* _How to complete this task_
Using the entries below, write out the line with "Wolf Pack Crackling Wood Wick Soy Candle", the line with "The Heights Cargo Jacket - Fabletics", and every line in between, exactly as each is written.

* _Extracted information_
= Beginning of Section =
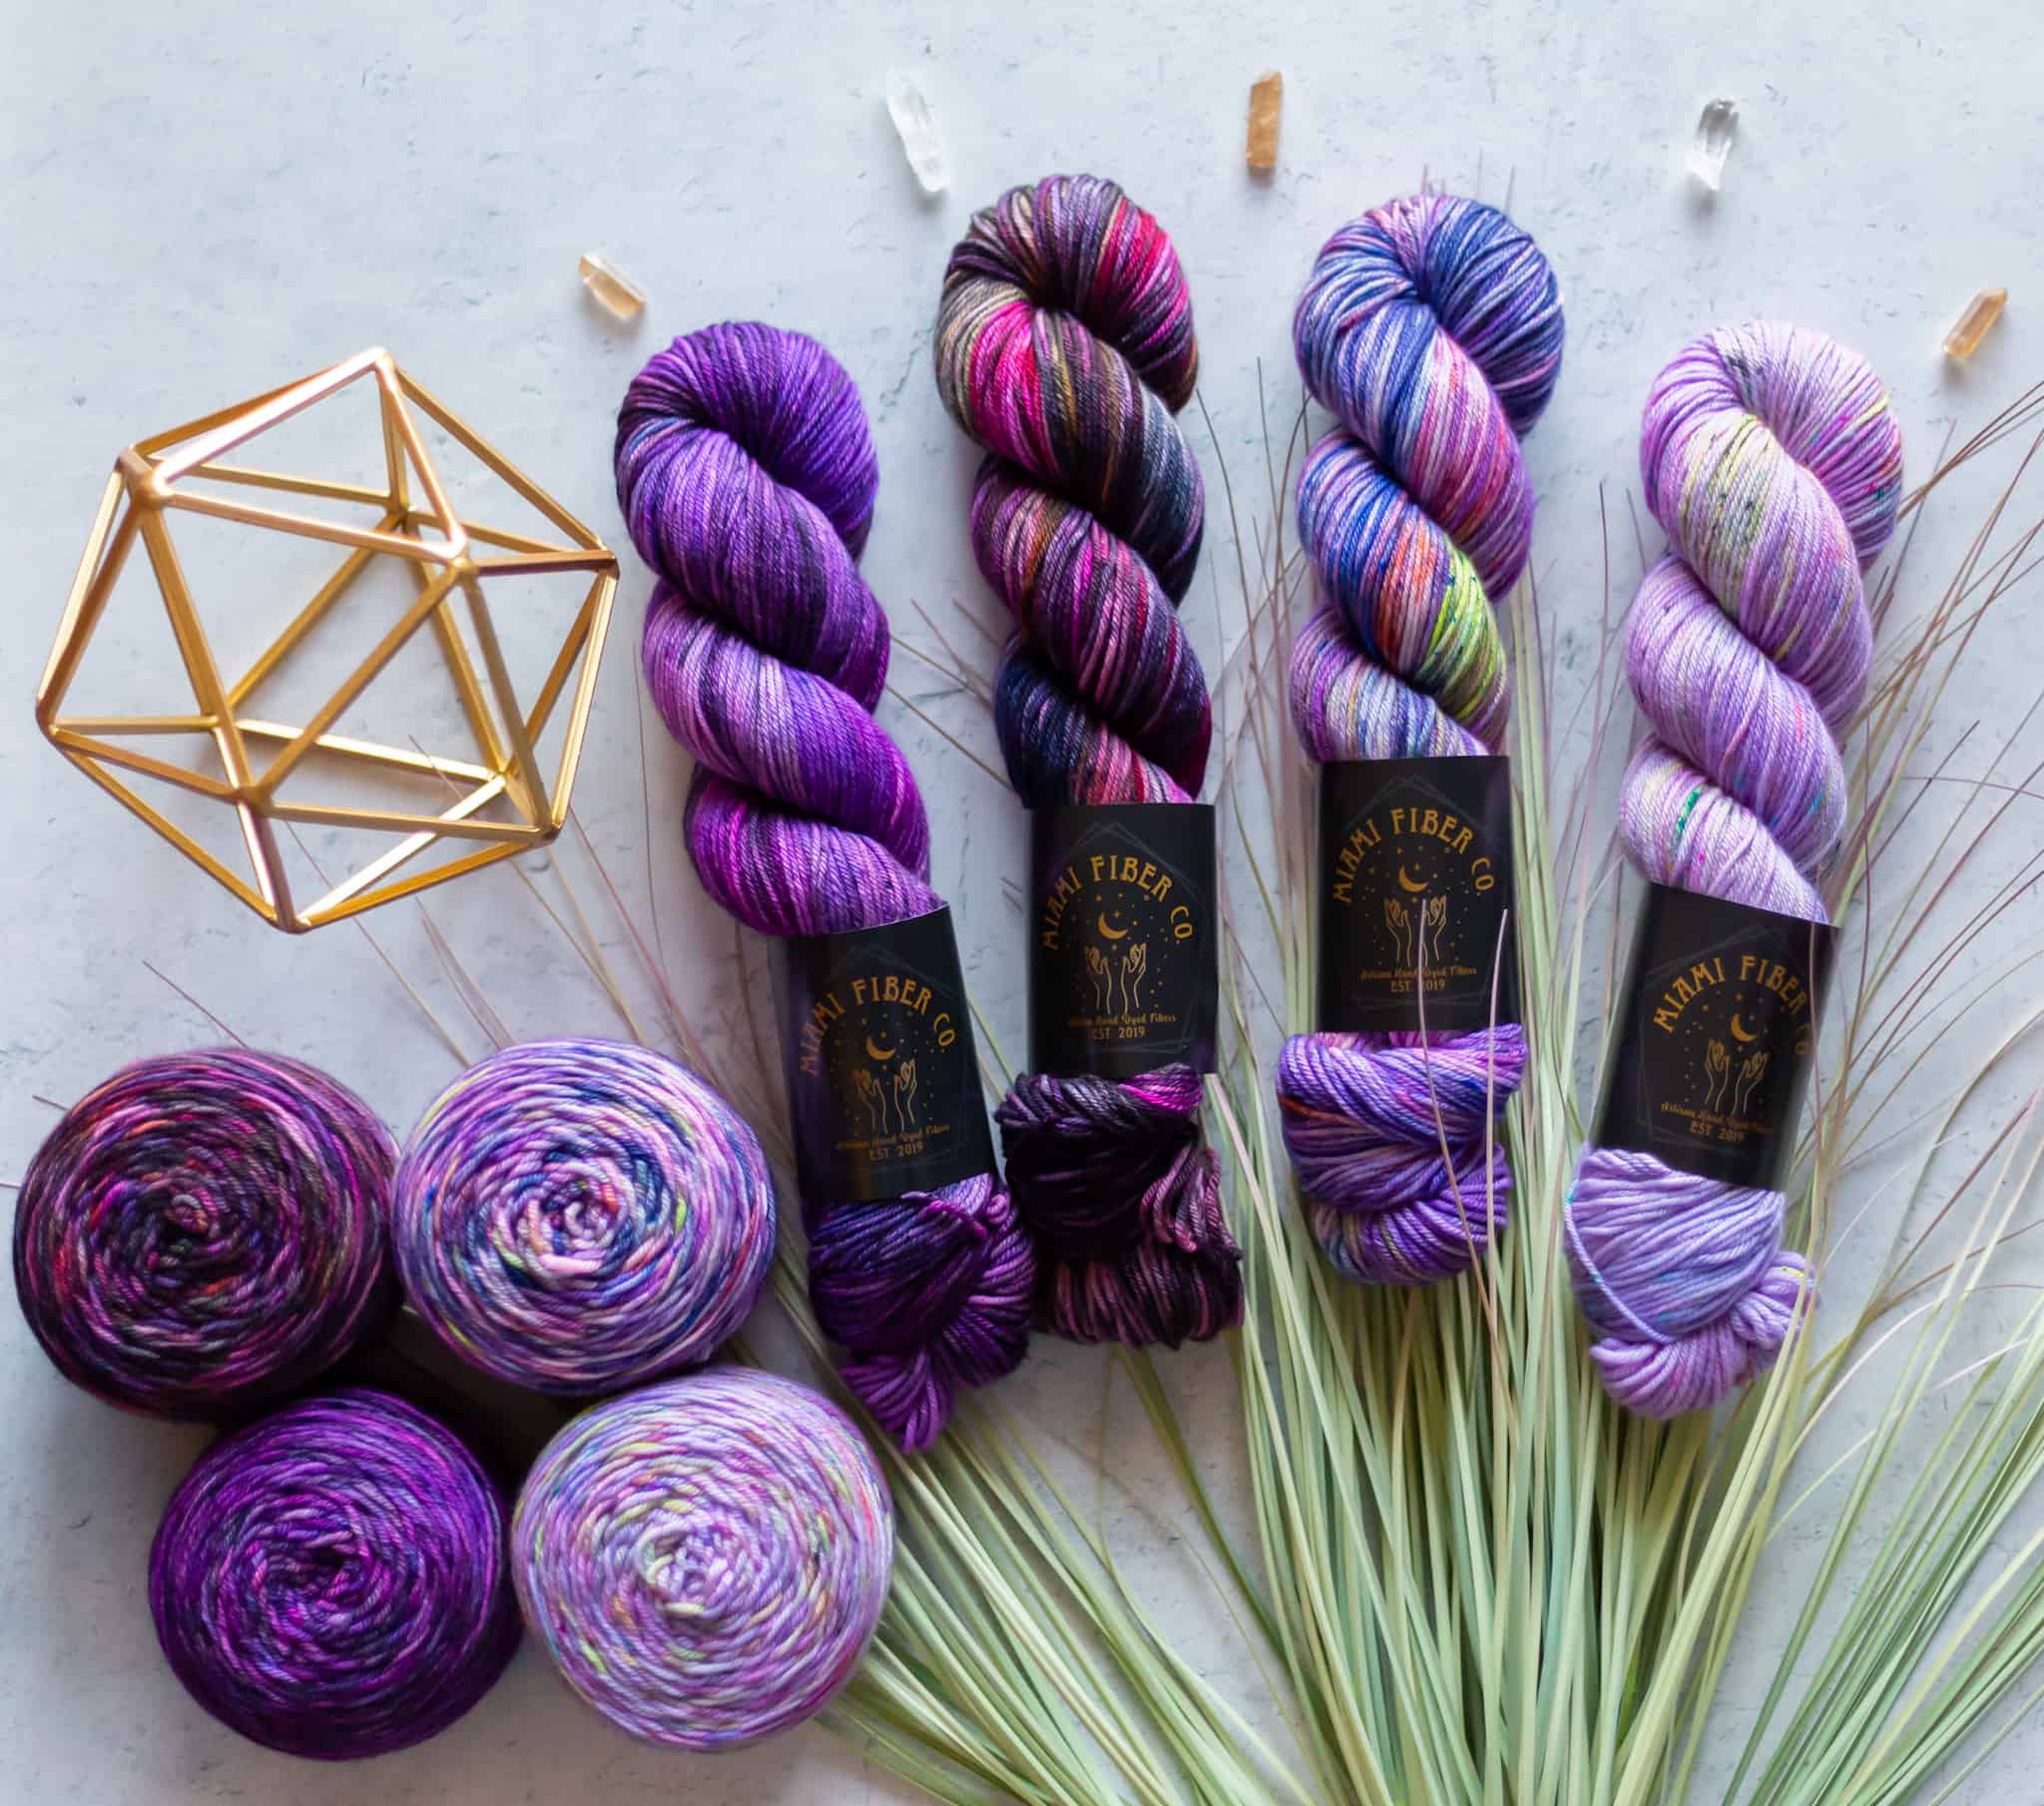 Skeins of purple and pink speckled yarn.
= End of Section =
= Beginning of Section =
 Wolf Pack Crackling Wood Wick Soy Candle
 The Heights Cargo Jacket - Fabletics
= End of Section =
= Beginning of Section =
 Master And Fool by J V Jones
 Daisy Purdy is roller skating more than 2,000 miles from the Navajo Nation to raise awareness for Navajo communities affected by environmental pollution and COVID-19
= End of Section =
* _Your response_
 Wolf Pack Crackling Wood Wick Soy Candle
 The Heights Cargo Jacket - Fabletics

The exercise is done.